BOT/蜘蛛陷阱创意

发布于 2024-09-25 03:47:25 字数 339 浏览 8 评论 0 原文

我有一个客户,他的域名似乎受到 DDoS 攻击的严重打击。在日志中,看起来很正常的具有随机 IP 的用户代理,但它们翻阅页面的速度太快,不像人类。他们似乎也没有要求任何图像。我似乎找不到任何模式,我怀疑这是一群 Windows 僵尸。

客户过去曾遇到过垃圾邮件攻击的问题,甚至不得不将 MX 指向 Postini,以获取每天 6.7 GB 的垃圾数据来阻止服务器端。

我想在 robots.txt 不允许的目录中设置 BOT 陷阱...只是以前从未尝试过类似的事情,希望有人有一个捕获 BOT 的创意!

编辑:我已经有很多关于捕捉一个的想法......这是当它落入陷阱时该怎么做。

I have a client whose domain seems to be getting hit pretty hard by what appears to be a DDoS. In the logs it's normal looking user agents with random IPs but they're flipping through pages too fast to be human. They also don't appear to be requesting any images. I can't seem to find any pattern and my suspicion is it's a fleet of Windows Zombies.

The clients had issues in the past with SPAM attacks--even had to point MX at Postini to get the 6.7 GB/day of junk to stop server-side.

I want to setup a BOT trap in a directory disallowed by robots.txt... just never attempted anything like this before, hoping someone out there has a creative ideas for trapping BOTs!

EDIT: I already have plenty of ideas for catching one.. it's what to do to it when lands in the trap.

如果你对这篇内容有疑问,欢迎到本站社区发帖提问 参与讨论,获取更多帮助,或者扫码二维码加入 Web 技术交流群。

扫码二维码加入Web技术交流群

发布评论

需要 登录 才能够评论, 你可以免费 注册 一个本站的账号。

评论(5

燕归巢 2024-10-02 03:47:30

好吧,我必须说,有点失望——我希望能有一些创造性的想法。我确实在这里找到了理想的解决方案.. http://www.kloth.net/internet/bottrap。 php

<html>
    <head><title> </title></head>
    <body>
    <p>There is nothing here to see.
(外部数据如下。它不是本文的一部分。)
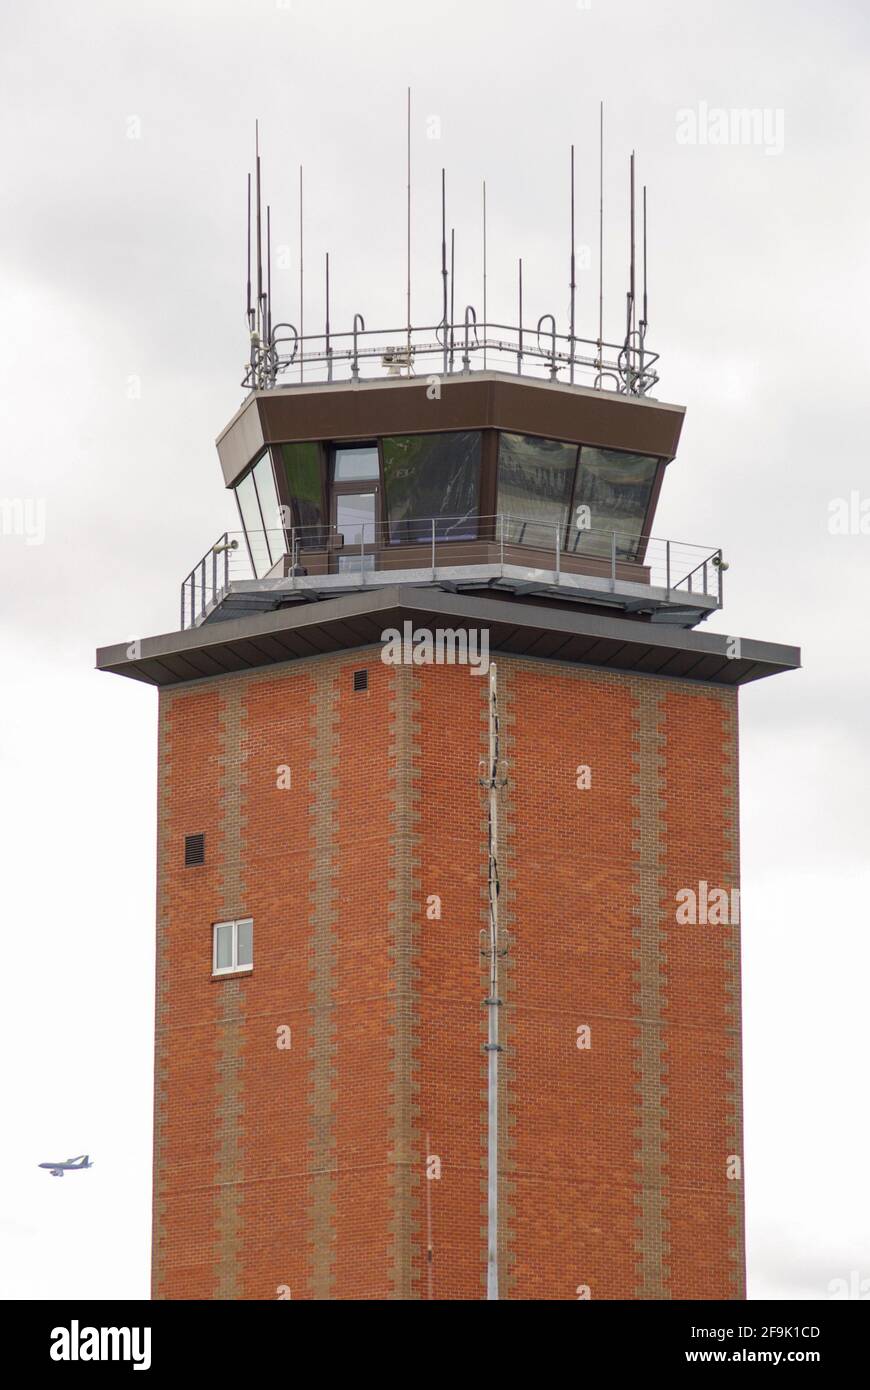 Control tower at RAF Mildenhall, in Suffolk, UK, used by the USAF. United States Air Force airbase tower Stock Photo

So what are you doing here ?</p>
    <p><a href="http://your.domain.tld/">Go home.</a></p>
    <?php
      /* whitelist: end processing end exit */
      if (preg_match("/10\.22\.33\.44/",$_SERVER['REMOTE_ADDR'])) { exit; }
      if (preg_match("Super Tool",$_SERVER['HTTP_USER_AGENT'])) { exit; }
      /* end of whitelist */
      $badbot = 0;
      /* scan the blacklist.dat file for addresses of SPAM robots
         to prevent filling it up with duplicates */
      $filename = "../blacklist.dat";
      $fp = fopen($filename, "r") or die ("Error opening file ... <br>\n");
      while ($line = fgets($fp,255)) {
        $u = explode(" ",$line);
        $u0 = $u[0];
        if (preg_match("/$u0/",$_SERVER['REMOTE_ADDR'])) {$badbot++;}
      }
      fclose($fp);
      if ($badbot == 0) { /* we just see a new bad bot not yet listed ! */
      /* send a mail to hostmaster */
        $tmestamp = time();
        $datum = date("Y-m-d (D) H:i:s",$tmestamp);
        $from = "[email protected]";
        $to = "[email protected]";
        $subject = "domain-tld alert: bad robot";
        $msg = "A bad robot hit $_SERVER['REQUEST_URI'] $datum \n";
        $msg .= "address is $_SERVER['REMOTE_ADDR'], agent is $_SERVER['HTTP_USER_AGENT']\n";
        mail($to, $subject, $msg, "From: $from");
      /* append bad bot address data to blacklist log file: */
        $fp = fopen($filename,'a+');
        fwrite($fp,"$_SERVER['REMOTE_ADDR'] - - [$datum] \"$_SERVER['REQUEST_METHOD'] $_SERVER['REQUEST_URI'] $_SERVER['SERVER_PROTOCOL']\" $_SERVER['HTTP_REFERER'] $_SERVER['HTTP_USER_AGENT']\n");
        fclose($fp);
      }
    ?>
    </body>
</html>

然后为了保护页面抛出 在每个页面的第一行.. blacklist.php 包含:

<?php
    $badbot = 0;
    /* look for the IP address in the blacklist file */
    $filename = "../blacklist.dat";
    $fp = fopen($filename, "r") or die ("Error opening file ... <br>\n");
    while ($line = fgets($fp,255))  {
      $u = explode(" ",$line);
      $u0 = $u[0];
      if (preg_match("/$u0/",$_SERVER['REMOTE_ADDR'])) {$badbot++;}
    }
    fclose($fp);
    if ($badbot > 0) { /* this is a bad bot, reject it */
      sleep(12);
      print ("<html><head>\n");
      print ("<title>Site unavailable, sorry</title>\n");
      print ("</head><body>\n");
      print ("<center><h1>Welcome ...</h1></center>\n");
      print ("<p><center>Unfortunately, due to abuse, this site is temporarily not available ...</center></p>\n");
      print ("<p><center>If you feel this in error, send a mail to the hostmaster at this site,<br>
             if you are an anti-social ill-behaving SPAM-bot, then just go away.</center></p>\n");
      print ("</body></html>\n");
      exit;
    }
?>

我计划采纳 Scott Chamberlain 的建议,并且为了安全起见,我计划在脚本上实现验证码。如果用户回答正确,那么它就会死亡或重定向回网站根目录。只是为了好玩,我将陷阱放入名为 /admin/ 的目录中,当然还添加了 Disallow: /admin/ 到 robots.txt。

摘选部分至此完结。